Ortstermin an der Marsopbrücke mit Diskussion um die Sprunginsel

Münchner Wochenanzeiger : Beim Ortstermin: in der Mitte BA-Mitglied Romanus Scholz, Maria Ecke-Bünger und Klaus Werner Heuschen von der IGOM sowie Peter Geck (v.l.) (Foto: US)
 
Beim Ortstermin: in der Mitte BA-Mitglied Romanus Scholz, Maria Ecke-Bünger und Klaus Werner Heuschen von der IGOM sowie Peter Geck (v.l.) (Foto: US)

Bis zum Frühjahr bleibt die provisorische Sprunginsel auf der „Marsopbrücke“. Die Forderung nach einer geeigneten Querungshilfe, ob nun Zebrastreifen, Drückampel oder Sprunginsel, hielt schon einige Schülergenerationen der Oselschule im Gespräch mit den Stadtverantwortlichen. Und auch Anwohner beschwerten sich des Öfteren im Bezirksausschuss über die schwer zu überquerende Marsop-/Offenbachstraße.
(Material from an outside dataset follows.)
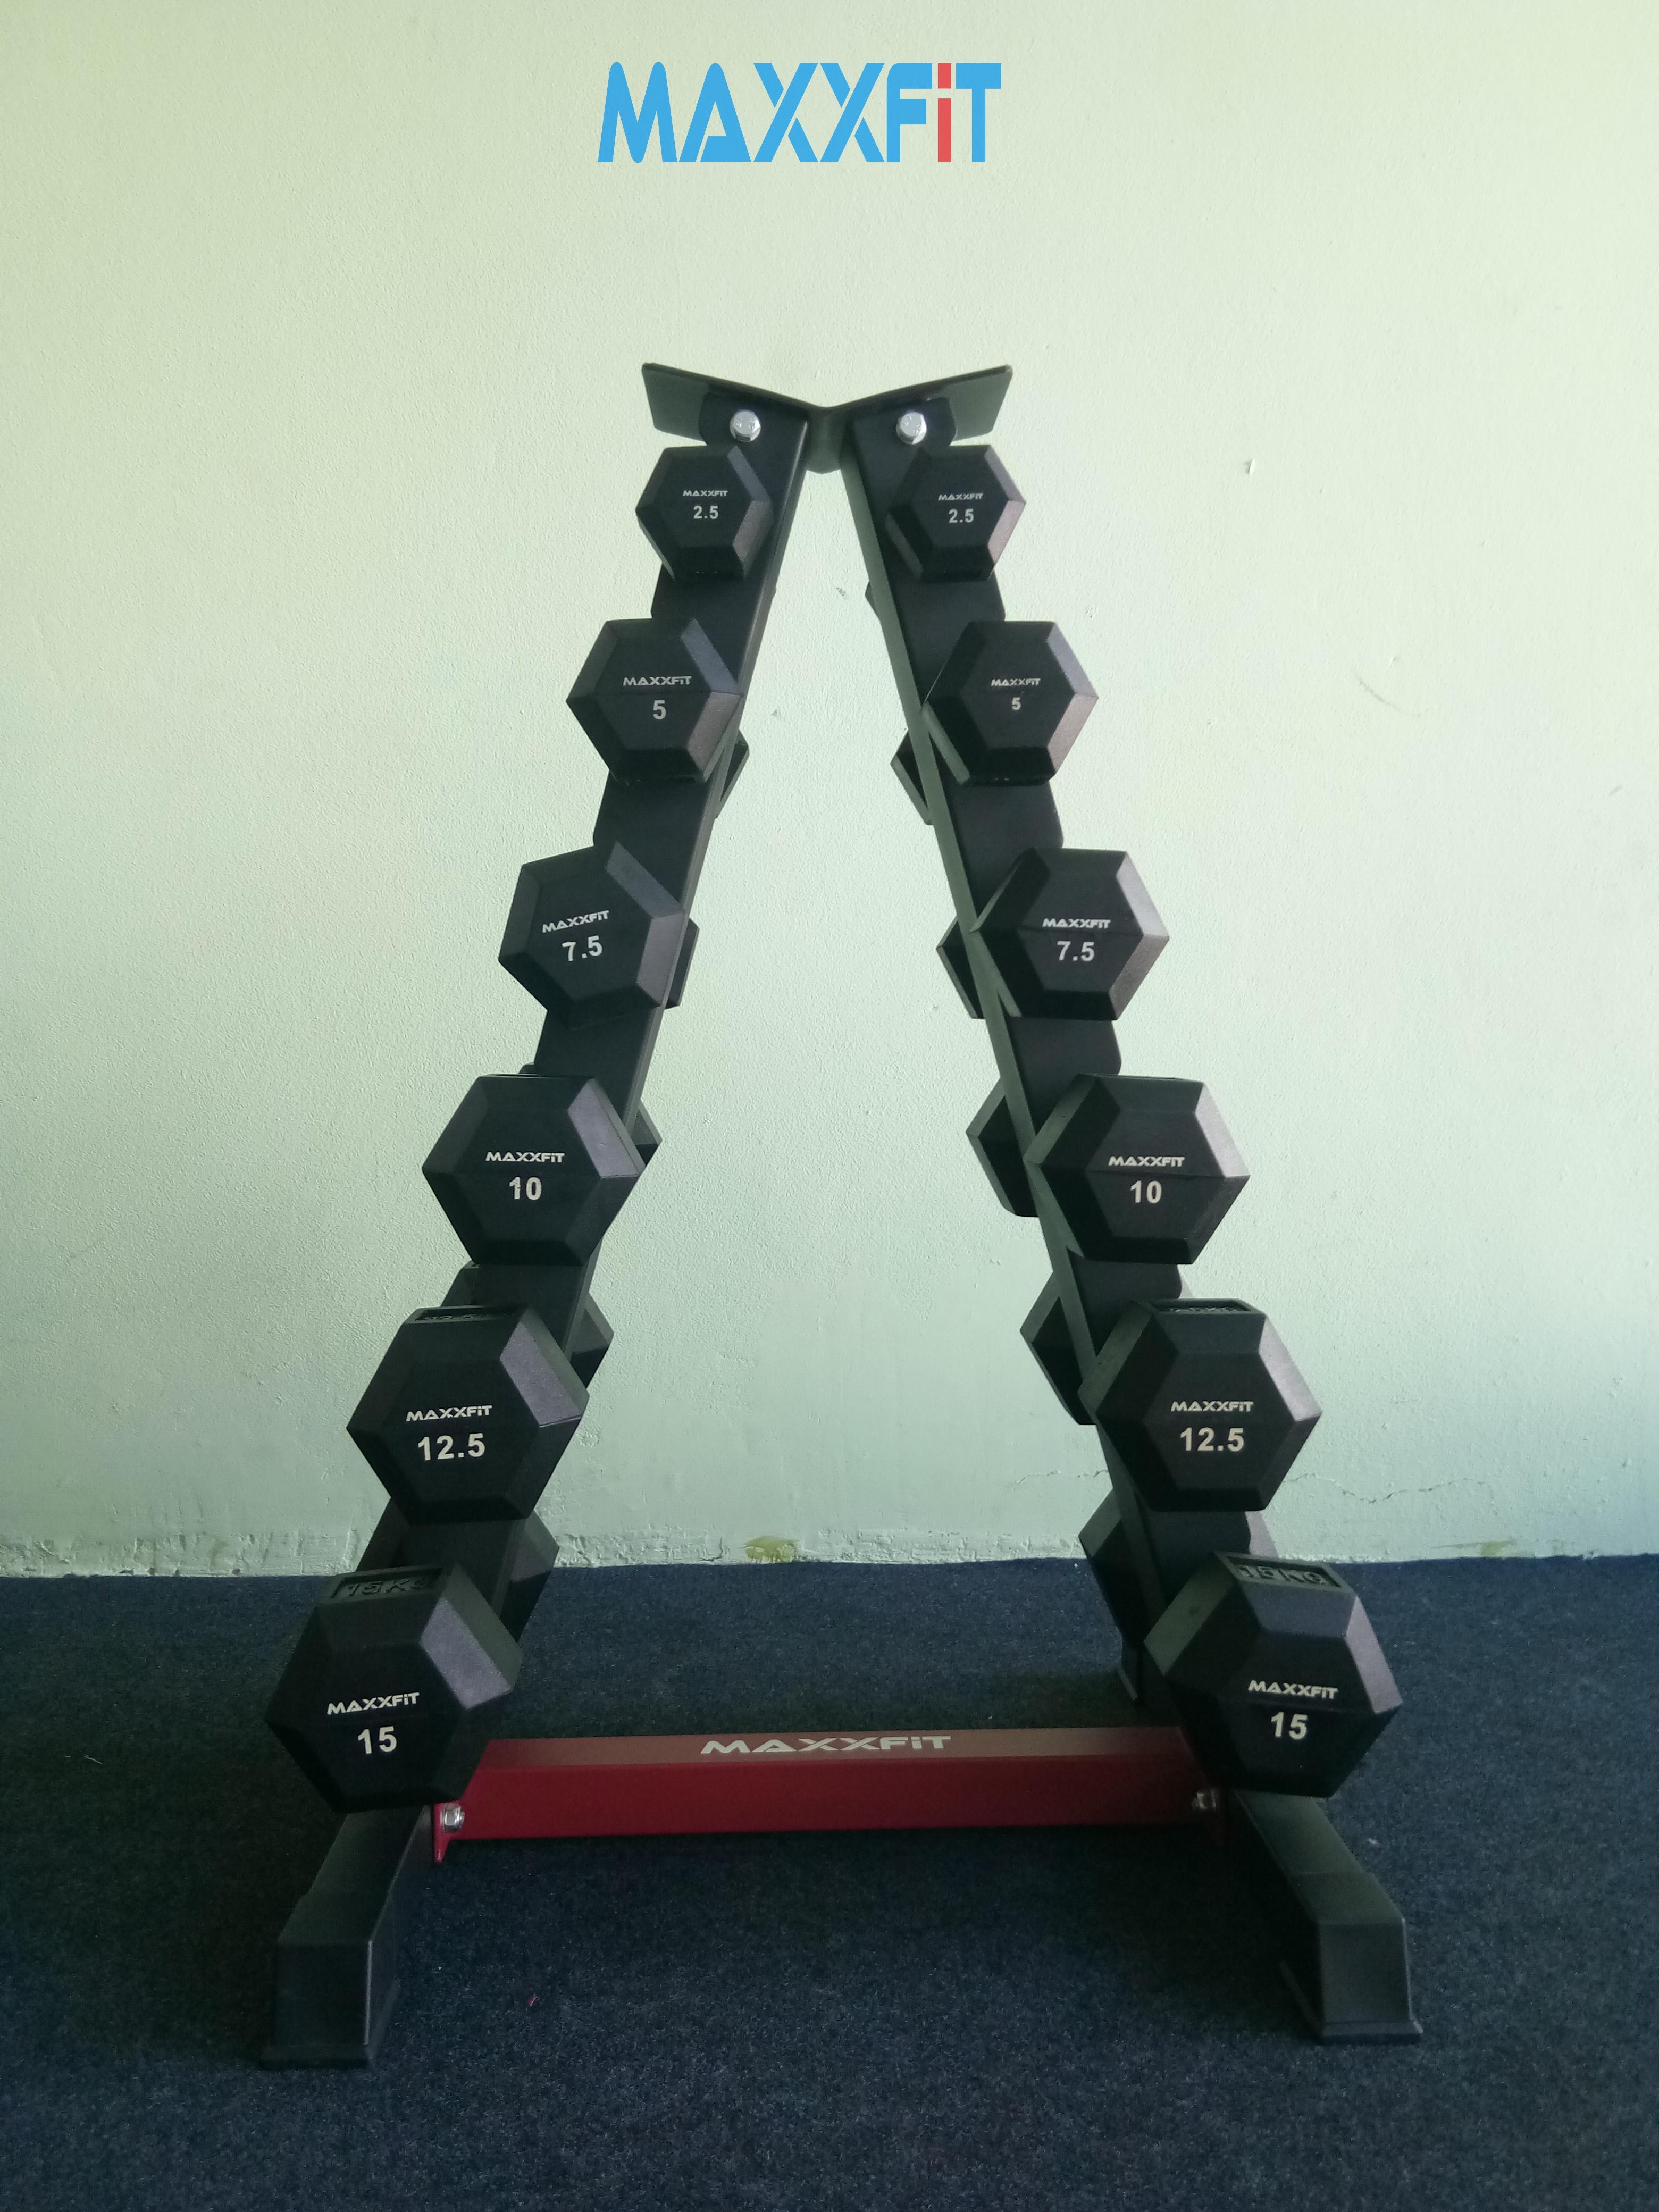 ชุดดัมเบล MAXXFiT ทรงเหลี่ยม ขนาด 2.5 - 15 KG. (6 คู่) พร้อมชั้นวางทรงสามเหลี่ยมสีดำ-แดง วางได้ 6 คู่

Doch erst die energischen Forderungen der Interessensgemeinschaft Meyerbeer-/Offenbachstraße e.V. (IGOM) verhalfen der Querungshilfe Anfang November zur Realisierung. Bei aller Freude über den Erfolg kritisierte der Verein einige problematische Punkte. Vor allem die Lage der Sprunginsel in der Mitte der Brücke, die schlechte Ausleuchtung und die geringe Breite führte zu vielen Einwänden von Seiten der IGOM wie auch von Anwohnern.
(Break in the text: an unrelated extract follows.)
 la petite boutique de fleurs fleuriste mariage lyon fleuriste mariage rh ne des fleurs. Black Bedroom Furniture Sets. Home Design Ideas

„Die derzeitige Aufstellung erscheint in gewissem Maße gefährlich, da bei Dunkelheit die Inselteile schwer erkennbar sind“, argumentierte Maria Ecke-Bünger, die Vorsitzende des Vereins. „Man sollte doch meinen, dass auch ohne Geschwindigkeitsvorgaben eine gewisse Rücksichtnahme selbstverständlich wäre. Auch werden Radfahrer nicht über den Bordstein fahren oder schieben.“

Insel und Zebrastreifen?

Zum Ortstermin mit dem BA, KVR und dem Baureferat blieb genügend Zeit, das Für und Wider eines breiteren Querungsstreifens und eines eventuellen Zebrastreifens zu diskutieren. Peter Geck vom KVR zeigte viel Verständnis: „Wir haben hier eine wirklich vertrackte Straßenlage“, meinte er. Nach Norden folgten sofort die Bushaltestellen und außerdem verenge sich die Straße, so dass eine Verschiebung der Sprunginsel nach Norden kaum in Frage kommt.

„Dazu müssten wir auch die Haltestellen verlegen.“ Außerdem bleibe zu überlegen, wie man der Straßenverengung Herr werde, „denn für größere Fahrzeuge oder Gelenkbusse wird das Drumherumfahren schon schwieriger.“ Das Bauliche müsse einfach passen, bevor eine endgültige Lösung umgesetzt werde, so Geck.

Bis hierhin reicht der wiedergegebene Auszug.